Coming from Python and more recently NodeJS I’ve come to appreciate tools like npm that allow you to easily manage all your project’s dependencies into specific vendor directories or environments to prevent issues where one project requires one version of a library while another might need something different.
In Go this becomes especially important because the whole versioning- issue has not been solved here yet. So “vendoring” is actually the recommended approach and rather simple to pull off by specifying a GOPATH for each project. Simple but tedious. That’s pretty much where godep comes into play:
godep
is a small tool that you can wrap all your go
calls around to work
on a project-specific $GOPATH
. Since I only started working with it a couple of
days ago, I’m still not completely sure if I’ll use it for every project and
how deeply I will integrate it into my toolchain. That being said, this is how
far I’ve got.
Oh, and I know about gom, but simply haven’t had yet the time to look into it yet. godep simply came first for me :)

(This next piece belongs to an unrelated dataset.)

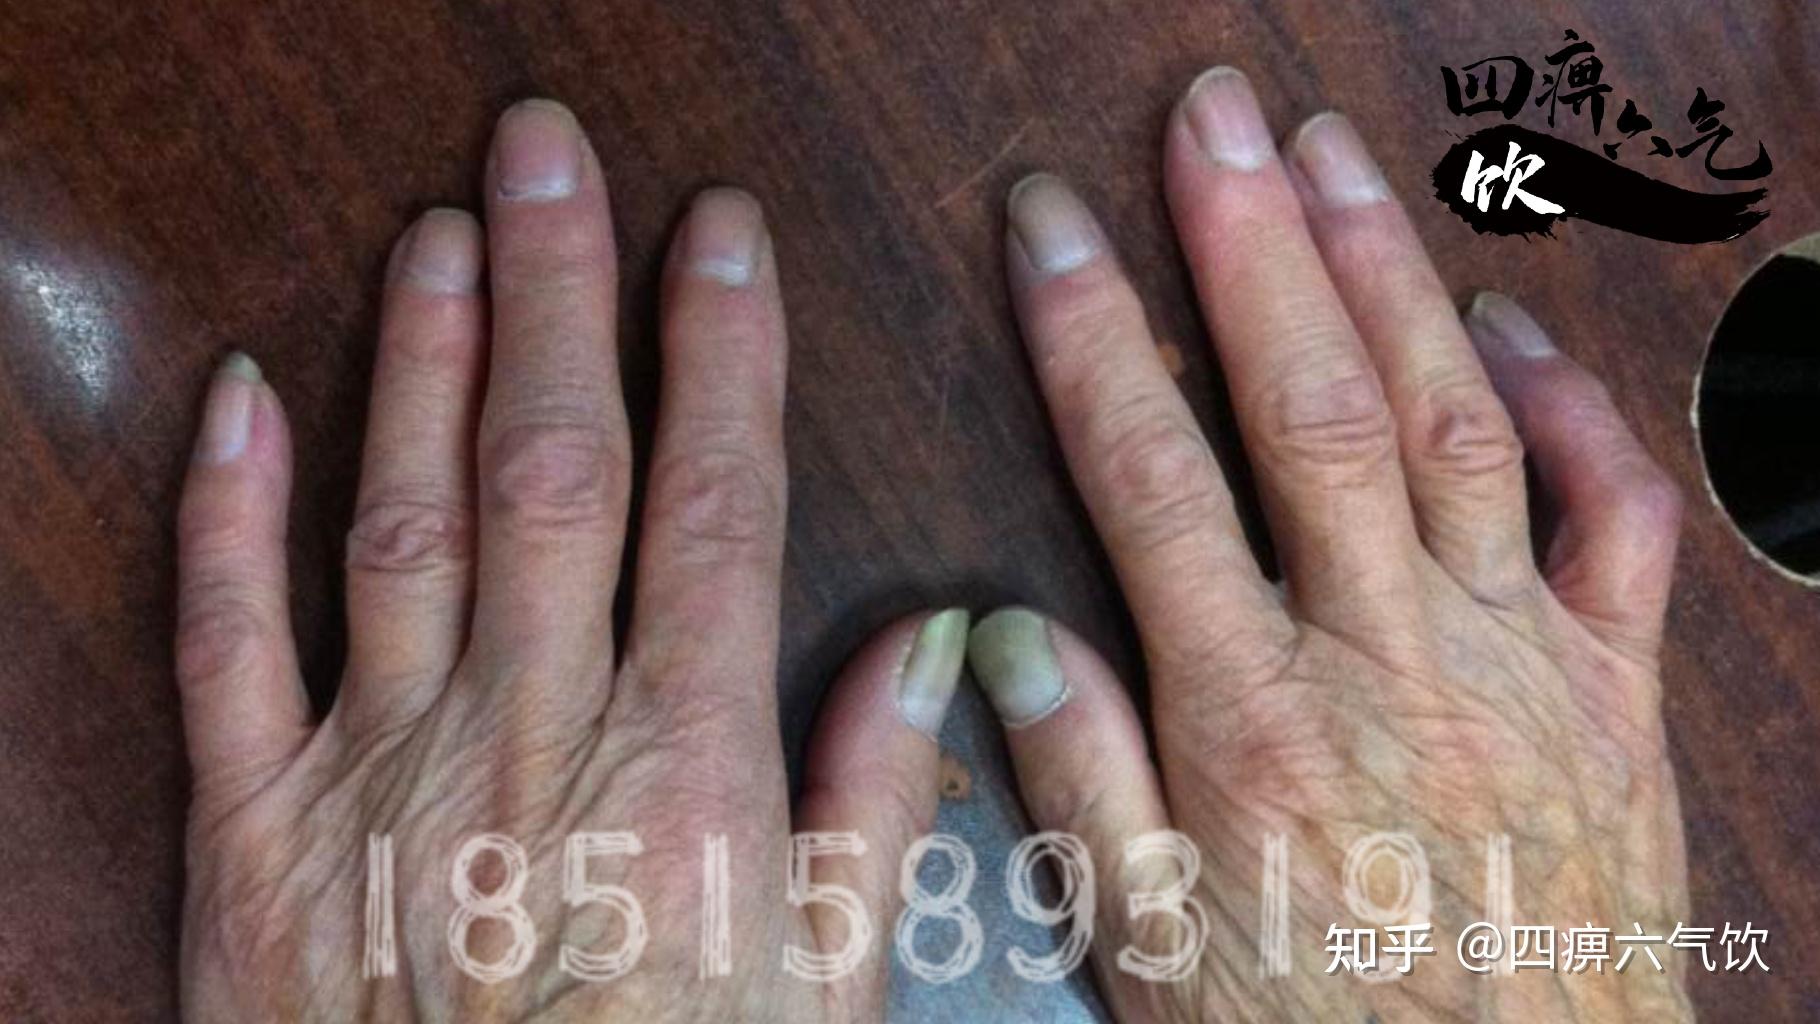 潍坊交通医院专家成功治愈雷诺氏症患者 张女士手部症状完全缓解 - 哔哩哔哩

How to integrate it with GoSublime
For this you will have to have a SublimeText project set up for every project where you want to use godep. The settings here are rather minimal since GoSublime allows you to change the environment variables used for it’s go subprocess:
{
"settings": {
"GoSublime": {
"env": {
"GOPATH": "$HOME/path/to/your/project/Godeps/_workspace"
}
}
},
"folders":
[
{
"follow_symlinks": true,
"path": "."
}
]
}
As a quick helper you can get the GOPATH godep would use internally by running
godep path
in your project’s directory. I’m not yet all that happy about
having to put an absolute path in here, but given Go’s tendency to absolute
import paths it feels at least consistent :)

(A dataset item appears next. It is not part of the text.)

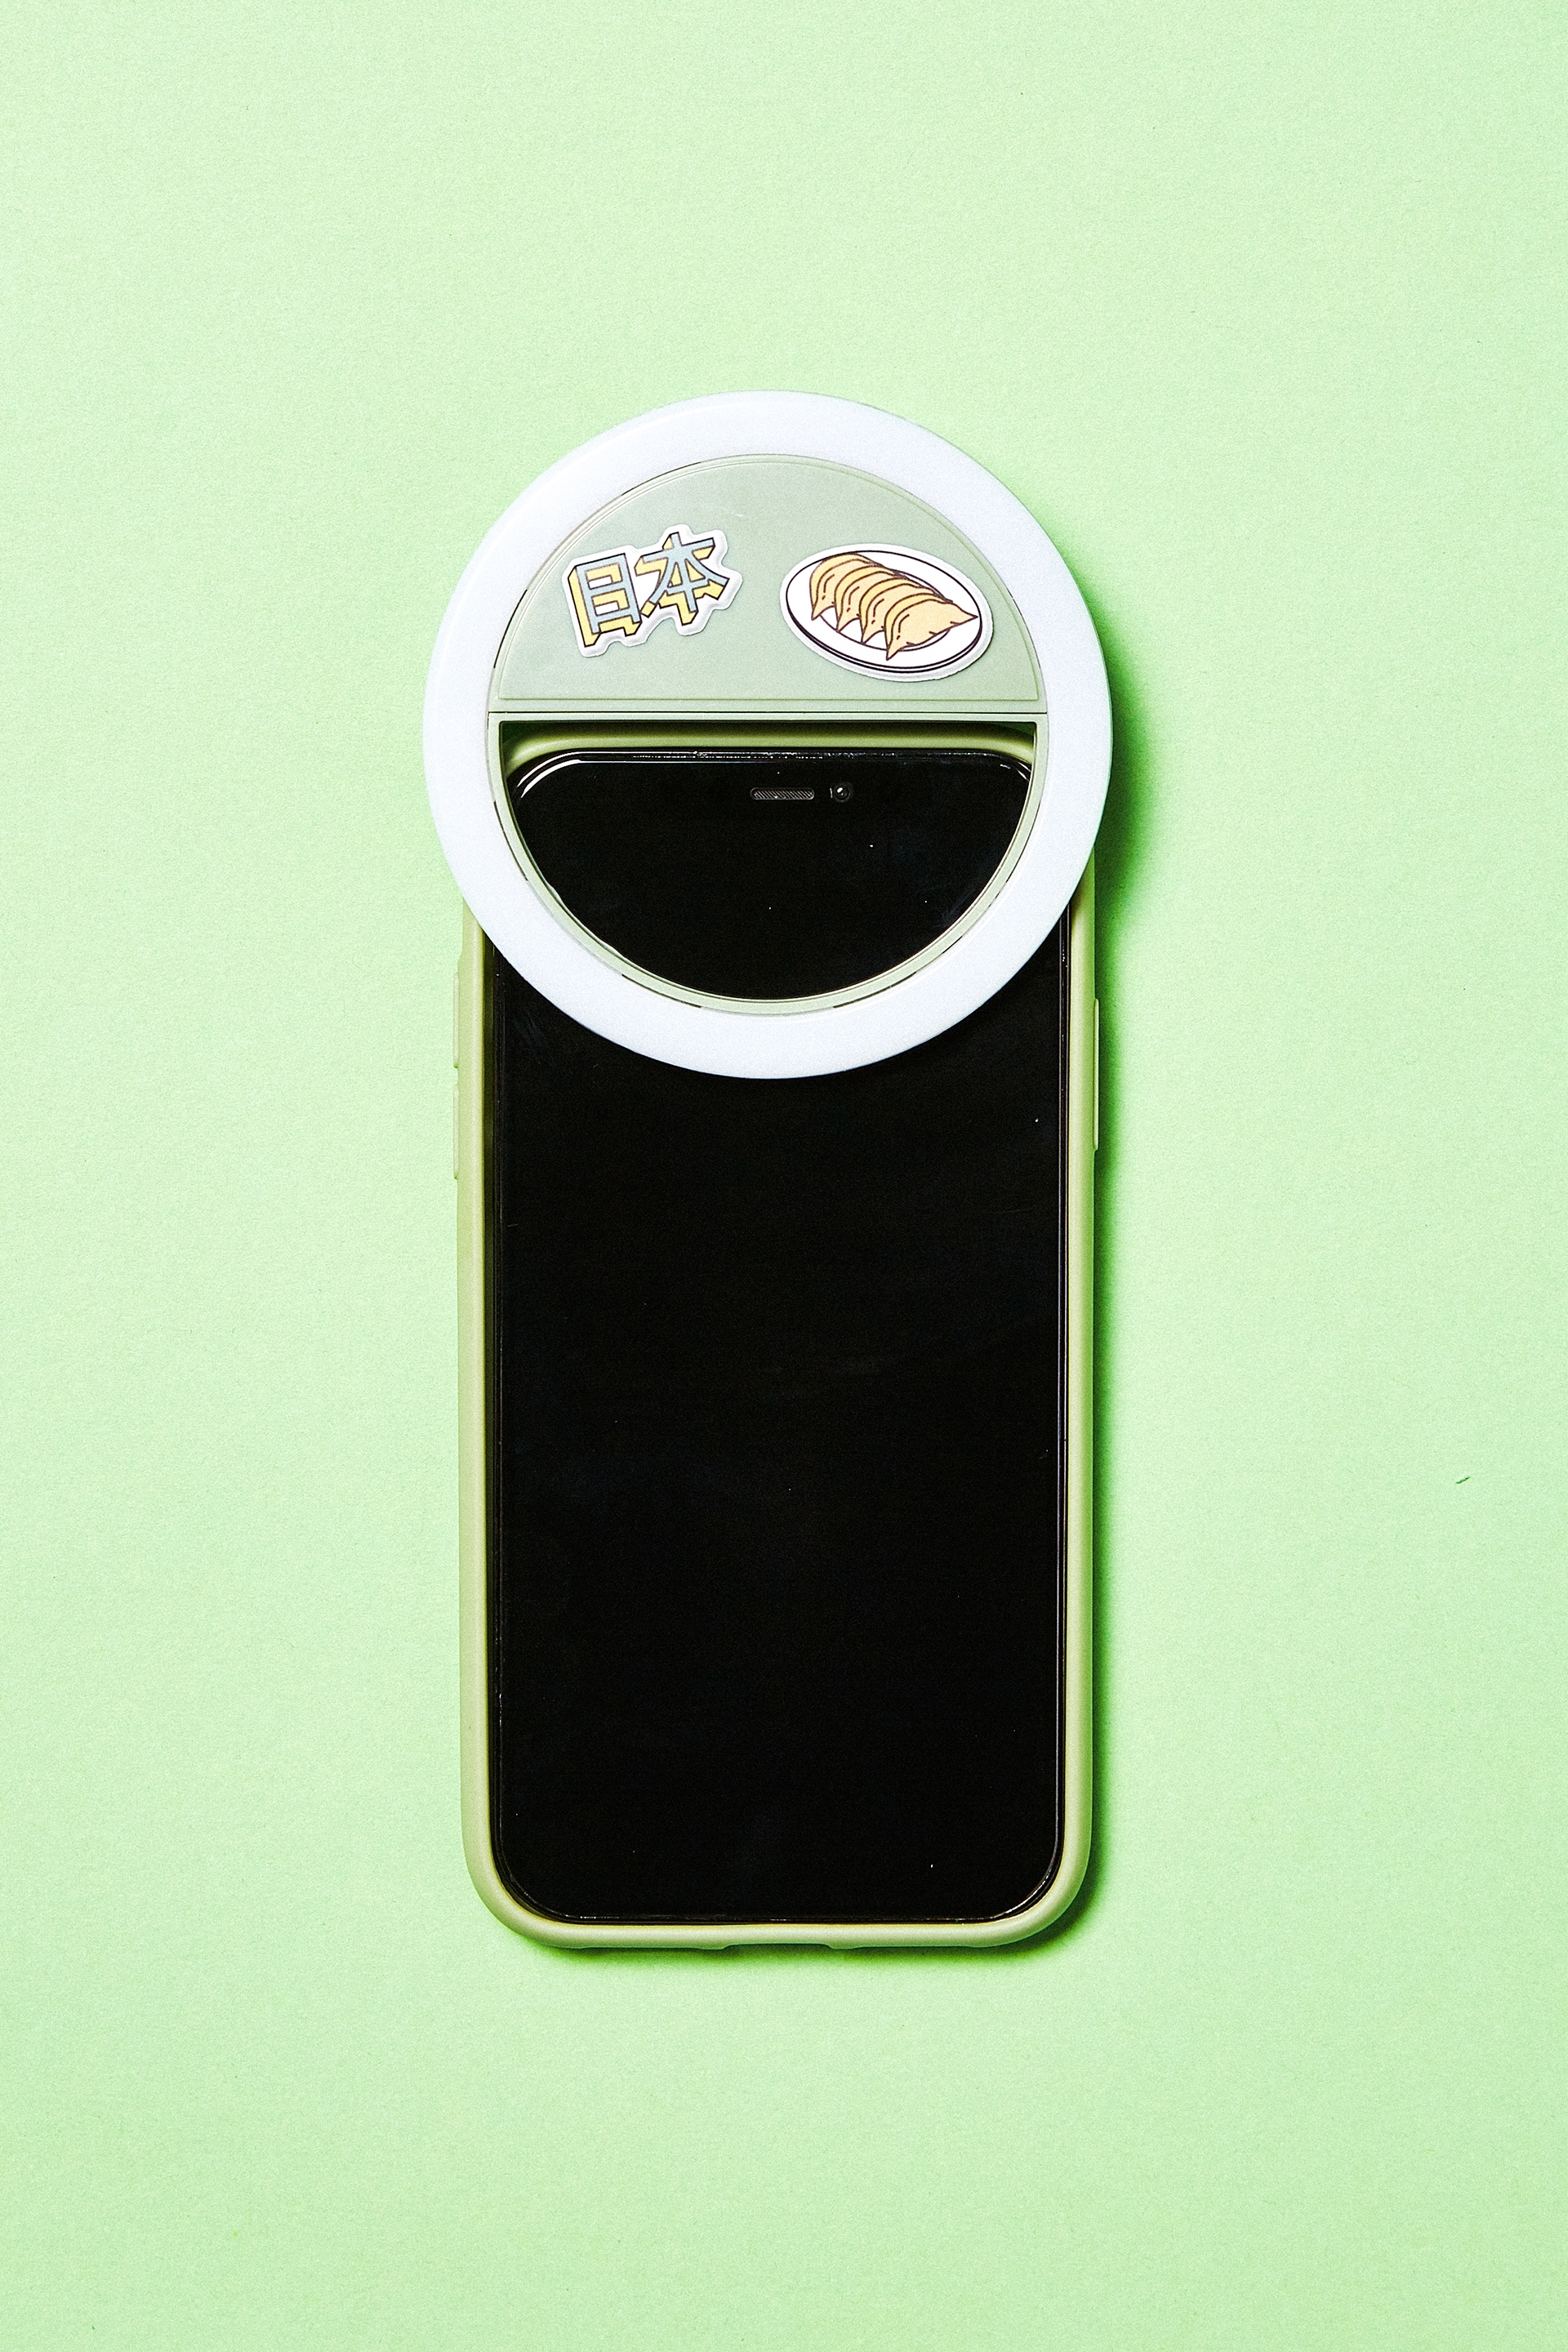 Typo - Selfie Phone Ring Light - Gum leaf

How to integrate it with GoConvey
For testing I really like goconvey which provides a webinterface to the current state of coverage and test execution. That webinterface is started by a commandline tool that let’s you specify which go binary should be used for running the tests and determining the coverage. This is also where I thought I might be able to inject godep into the process.

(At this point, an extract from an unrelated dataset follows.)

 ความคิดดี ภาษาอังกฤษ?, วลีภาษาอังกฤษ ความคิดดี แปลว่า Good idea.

At first I thought I could just set the -gobin
parameter to something like
godep go
and be done with it. Sadly, this doesn’t work because the flag really
requires one file. But that’s what short shell scripts are good for:
#!/bin/sh
exec godep go $@
I put this onto my $PATH
and all of a sudden all I have to do is start
goconvey like this:
$ goconvey -gobin='godepgo'
This seems to work pretty much as expected so far. And if it stays that way I will most likely roll that setup out to other projects.